» WORK ITEM: Each line below must be reproduced exactly as it stands. Pictures stay out of the copy.

» SUPPLIED DATA:
==========

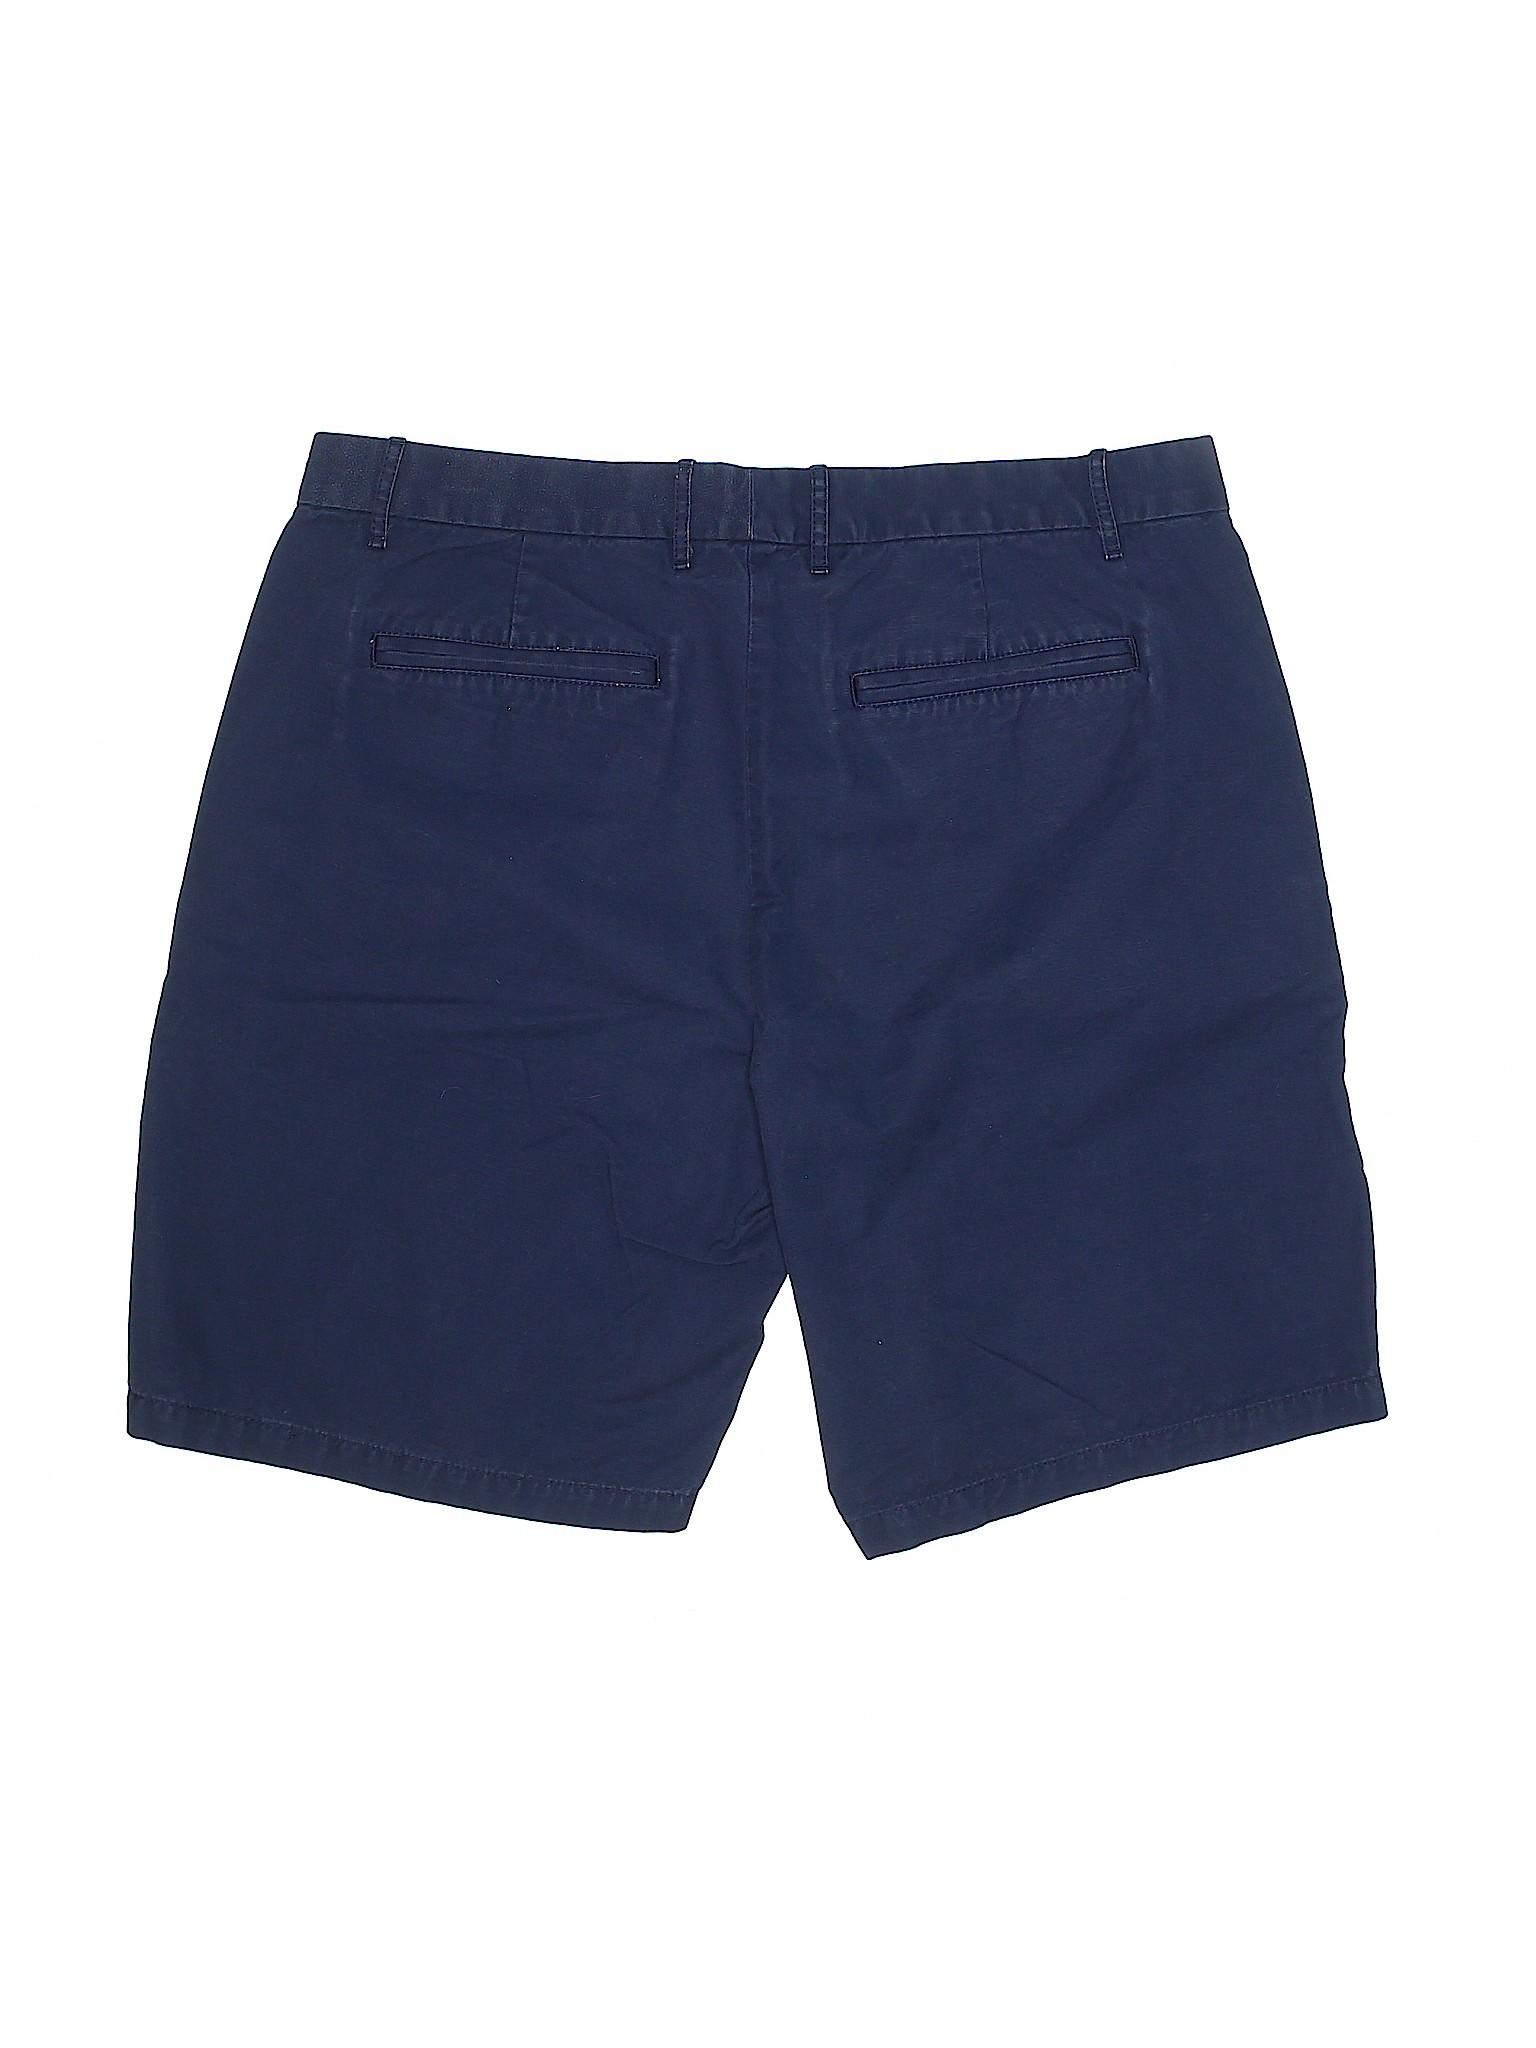 Shorts Gap Boutique Gap Khaki Khaki Boutique Shorts Boutique xCq8wBz8
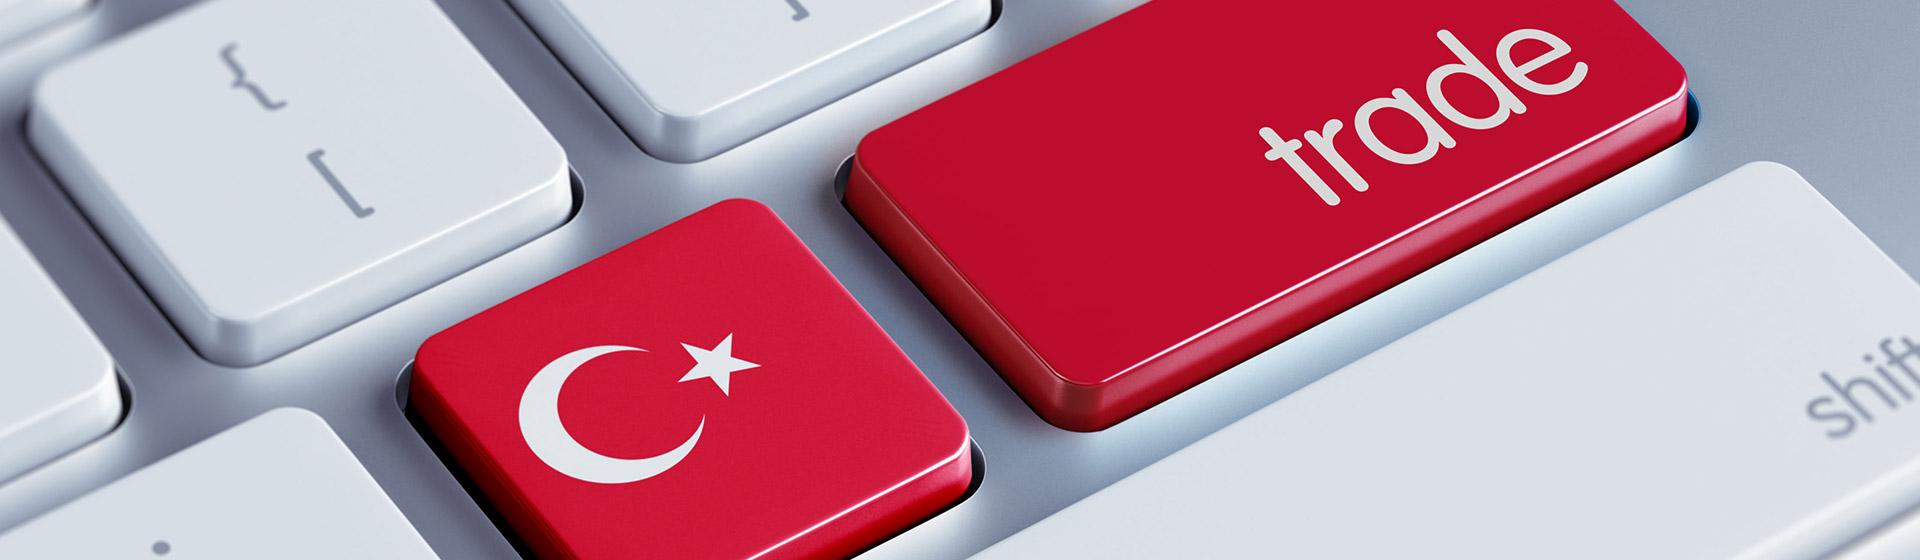 מקלדת מחשב עם דגל טורקיה
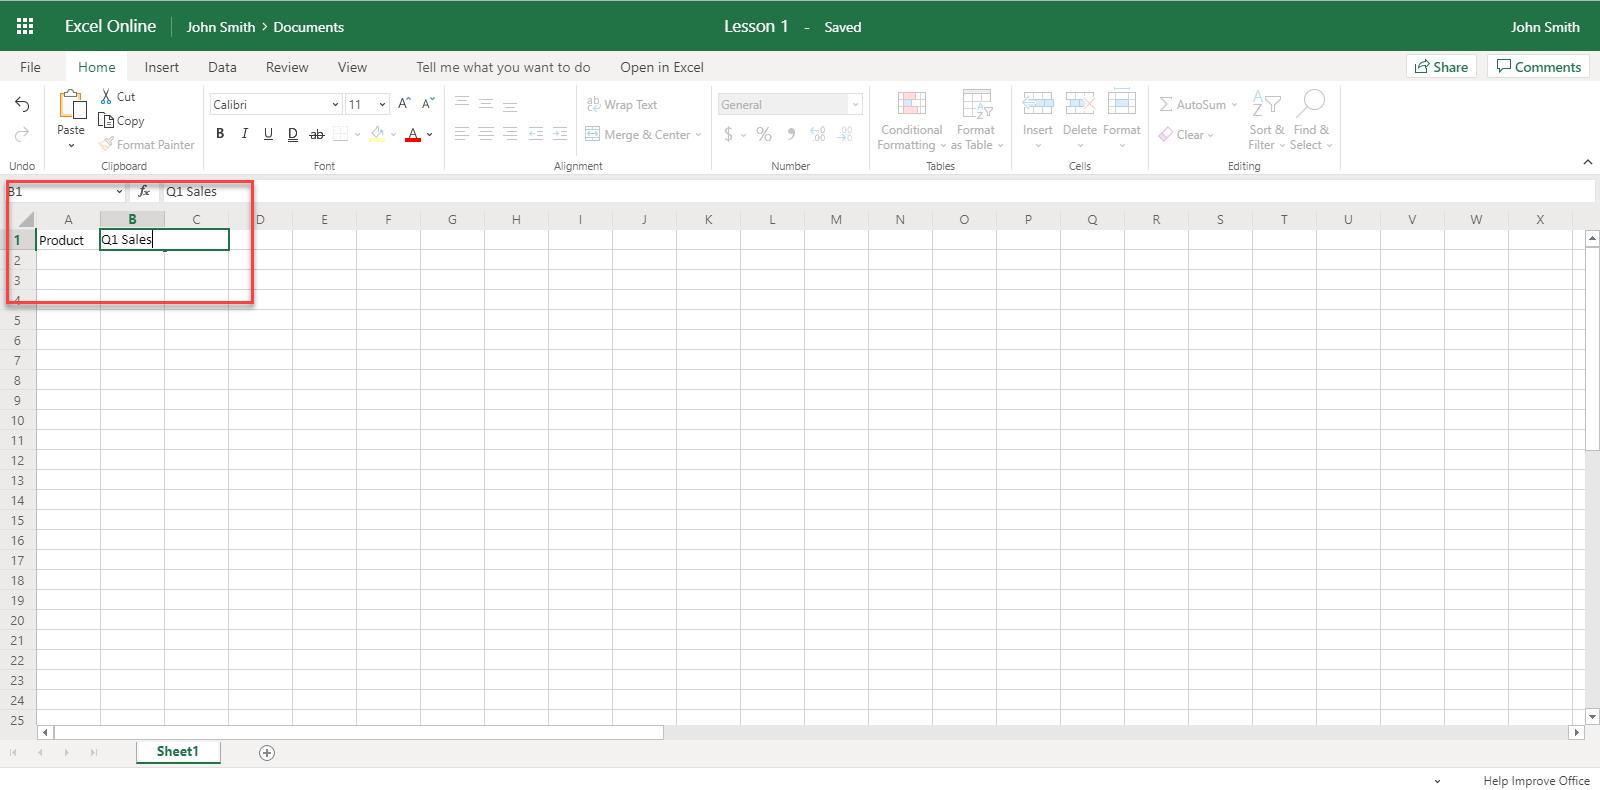 Excel 365 Online
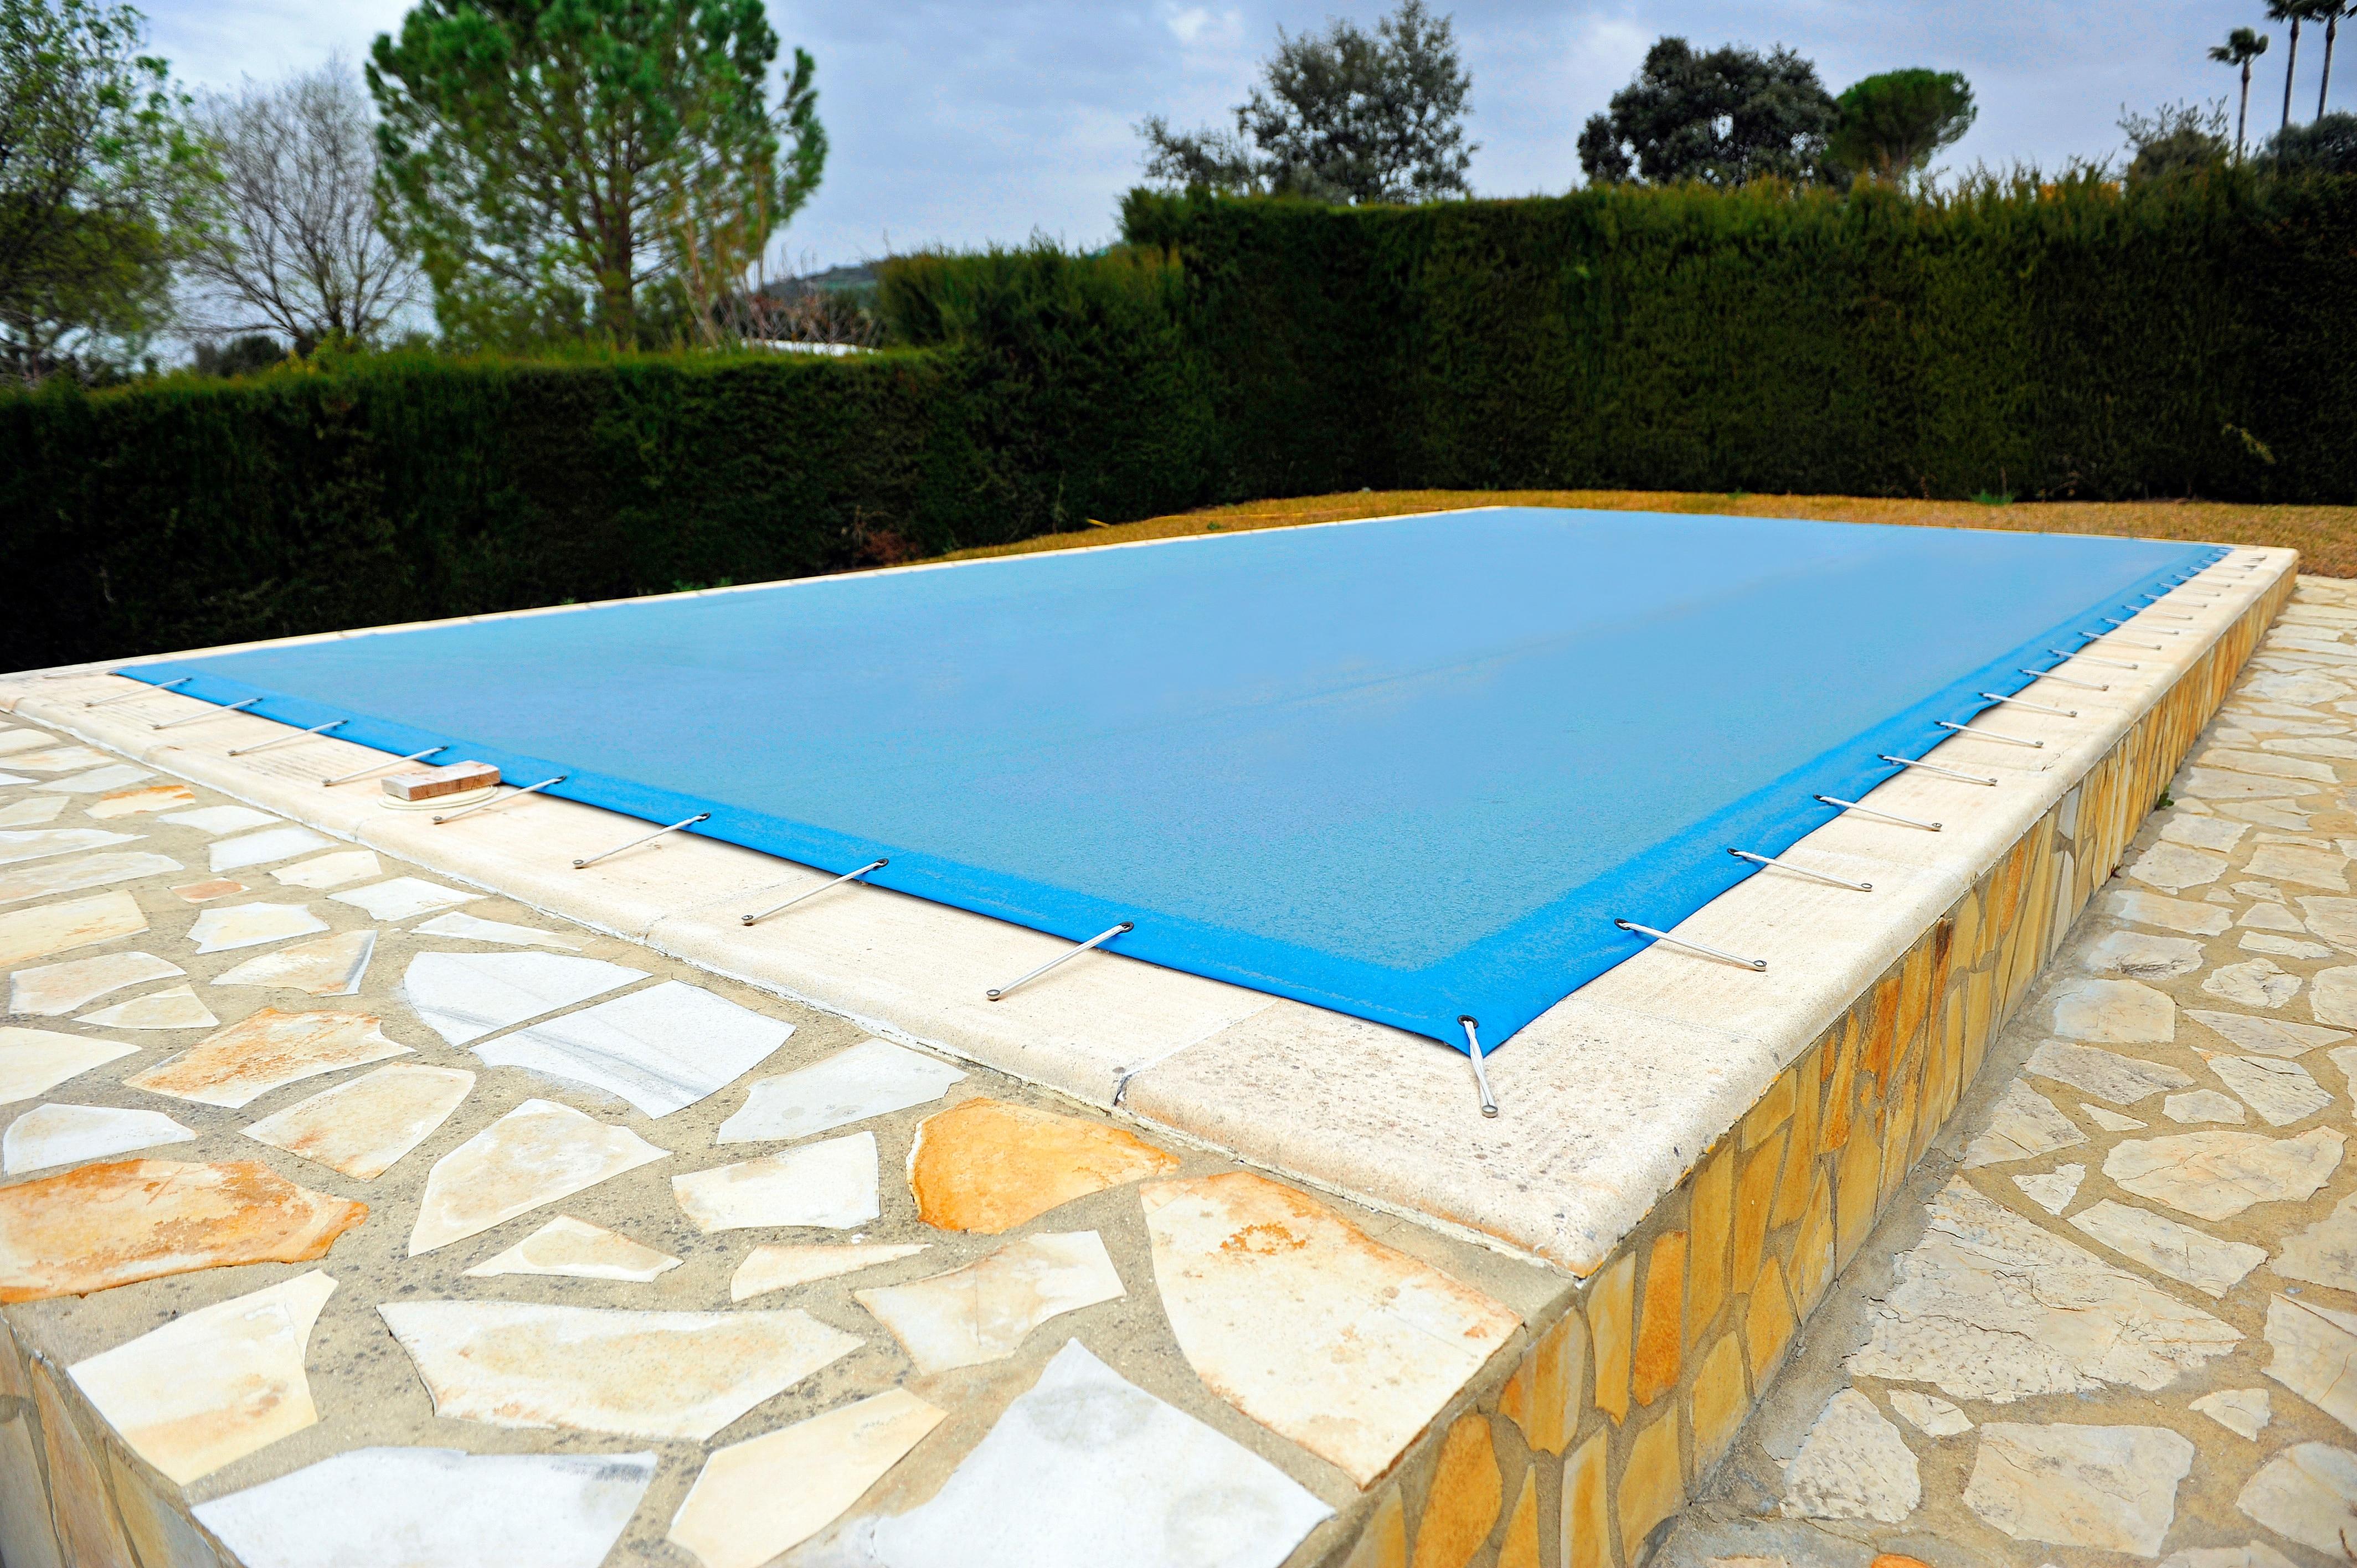 LTAG-pool-cover_TEX_Ap_01.jpg

==========

» RESULT FOR THIS EXERCISE:
 Shorts Gap Boutique Gap Khaki Khaki Boutique Shorts Boutique xCq8wBz8
 מקלדת מחשב עם דגל טורקיה
 Excel 365 Online
 LTAG-pool-cover_TEX_Ap_01.jpg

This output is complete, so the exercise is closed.